Tuesday, April 19, 2011
Augen, Microsoft Excel for Stock and Option Traders
Jeff Augen’s books are always challenging, as he intends them to be. Microsoft Excel for Stock and Option Traders: Build Your Own Analytical Tools for Higher Returns (FT Press, 2011) is no exception. Admittedly, my own skill levels are modest: I’m reasonably comfortable with standard Excel functions but am regularly foiled by VBA, despite the author’s claim that it is relatively easy to learn. Is it worth the effort to keep building databases and pounding away at VBA?
Augen would answer with a resounding yes: “investors who limit themselves to traditional off-the-shelf indicators will always lose money to sophisticated traders armed with more powerful tools. The days of buying and selling stocks when moving averages cross or when an oscillator reaches one side of a channel are over.” (p. 58) Moreover, he argues, “the capability gap between private and institutional investors increases as the trading time frame decreases.” Charting patterns designed around the behavior of human investors “have little relevance in a time frame that has come to be dominated by high-speed algorithmic trading.” (p. 156)
Although Augen hasn’t abandoned short-term trading (for instance, he illustrates the often complex but sometimes revelatory relationship between implied volatility and stock price on a 5-minute AAPL chart as well as on daily index charts), most of the data referenced in this book are end-of-day.
Ideally, the trader trying to gain a statistical edge has both a database program such as Access and a spreadsheet program such as Excel. But with the dramatic increase in the capacity of Excel (Excel 2010 worksheets can contain over 1,000,000 rows and 16,384 columns) many traders can get by, at least initially, with Excel alone.

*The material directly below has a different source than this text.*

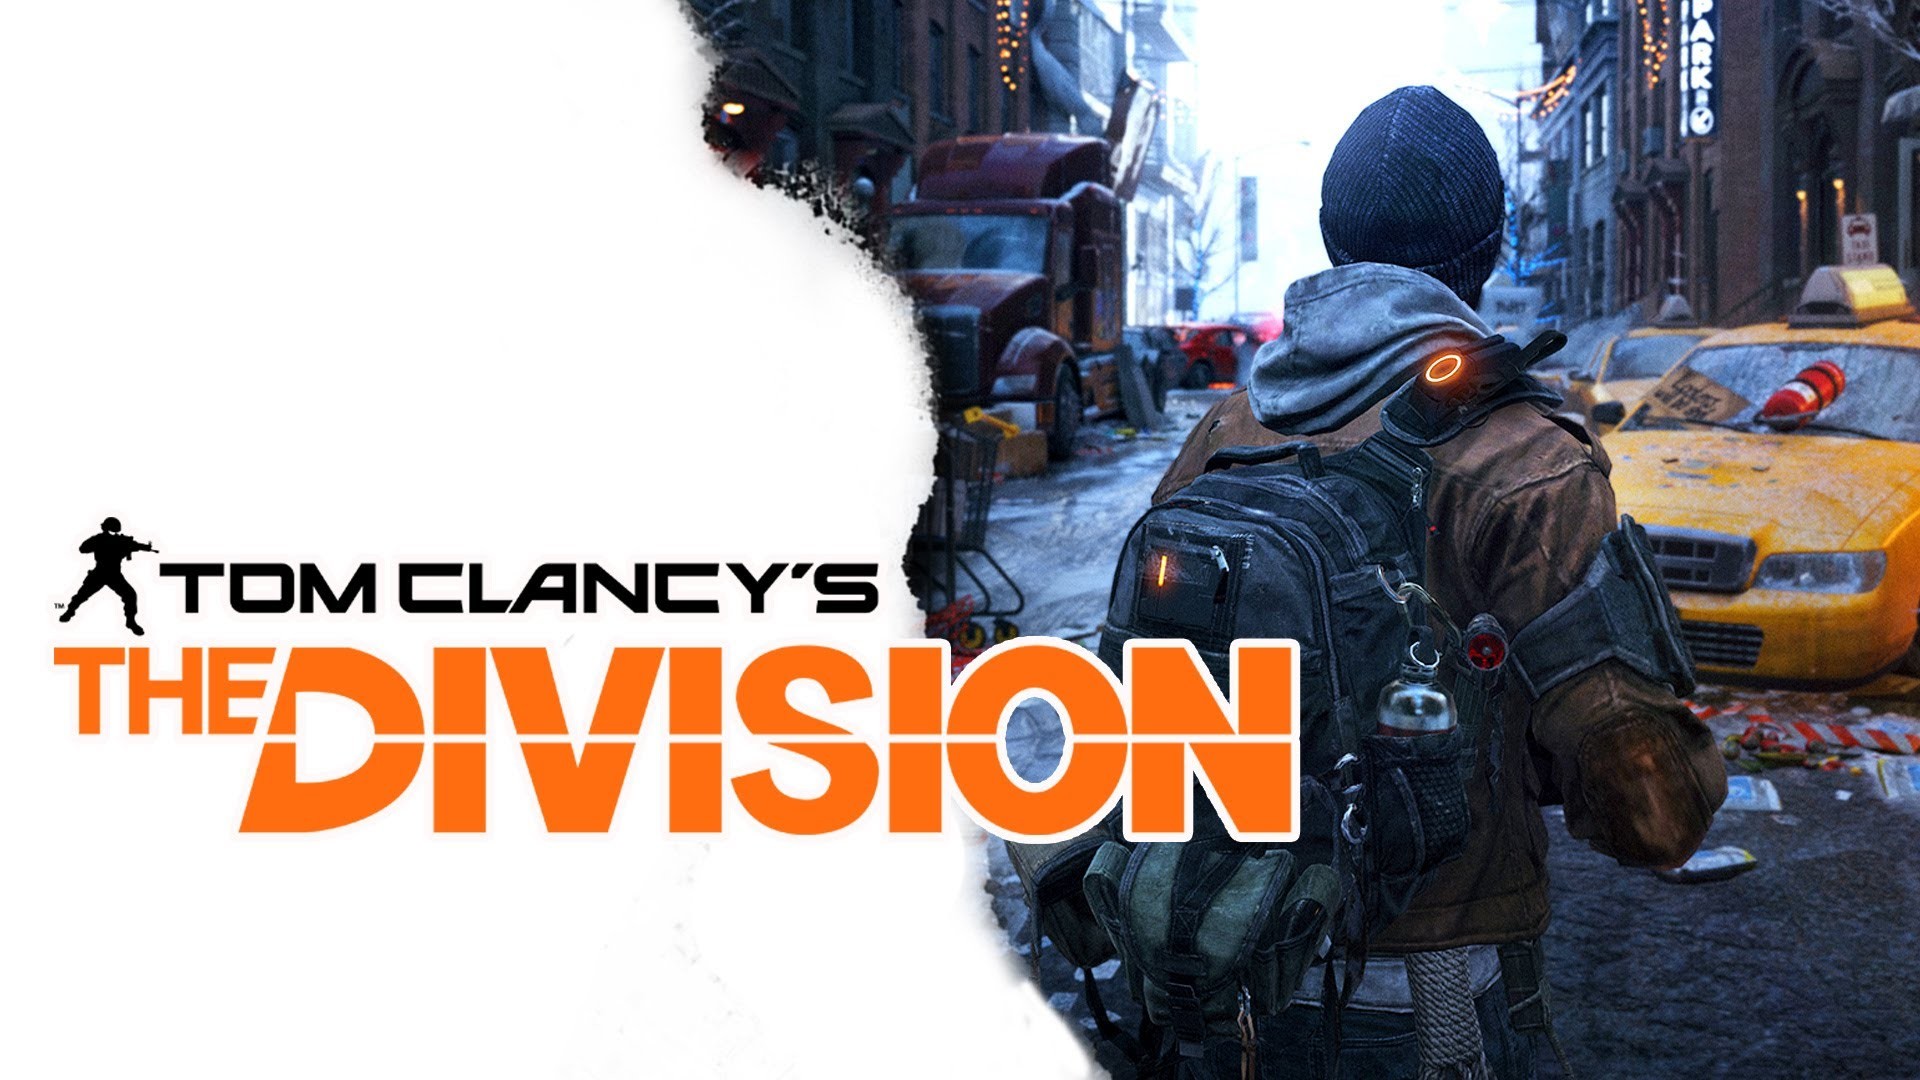 tom clancy's the division wallpaper hd Wallpaper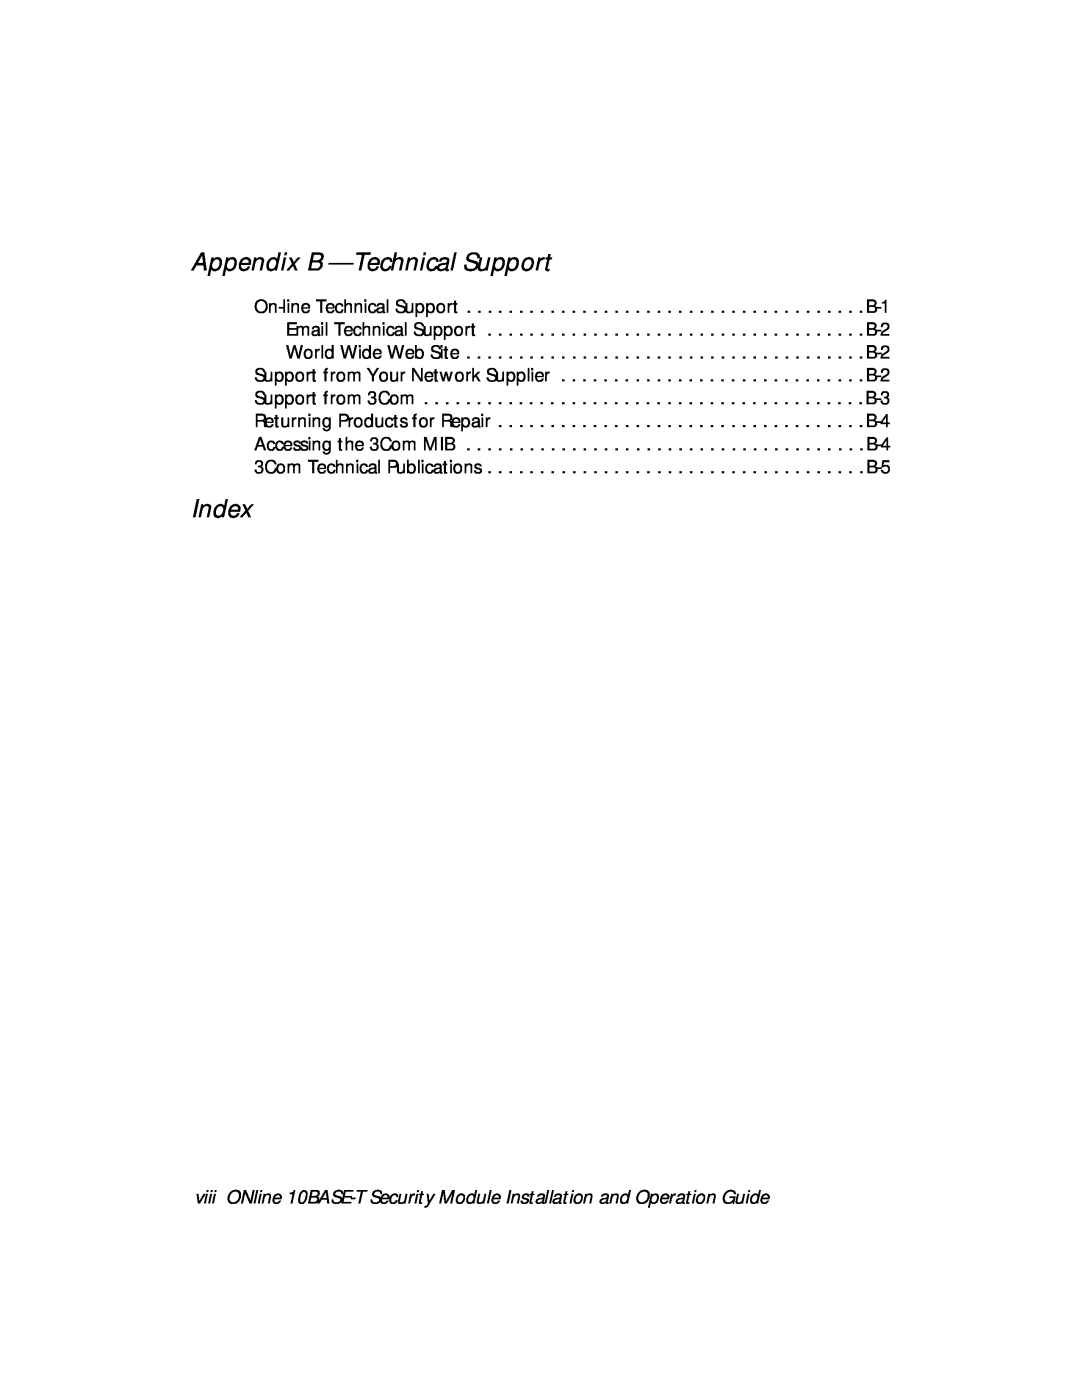 3Com 5112M-TPLS installation and operation guide Appendix B - Technical Support, Index

Augen’s book presupposes a working knowledge of Excel. In the chapter entitled “The Basics” he shows how to manage date formats, perform volatility calculations, create ratios that simulate candlestick bars, construct summary tables with VBA, unearth statistical correlations, and draw polynomial trendlines on Excel charts.
In the chapter on advanced topics Augen explains in some detail how to develop and test hypotheses—for instance, whether sharp downward corrections in AMZN are followed by a relatively strong rally. For those who are inexperienced in backtesting with Excel, this chapter is exceedingly useful. It illustrates how to go about quantifying such qualitative terms as “sharp” and “relatively strong,” how to build complex statements from the inside out, and how to automate the process. It will save the would-be backtester countless hours of frustration. Even the column descriptions for a sample experiment should make this clear.
Unfortunately, as far as I can ascertain, there is no accompanying web site where the reader can grab the Excel and VBA coding printed in the book. The reader who wants to crib some of Augen’s work will have to retype—very carefully.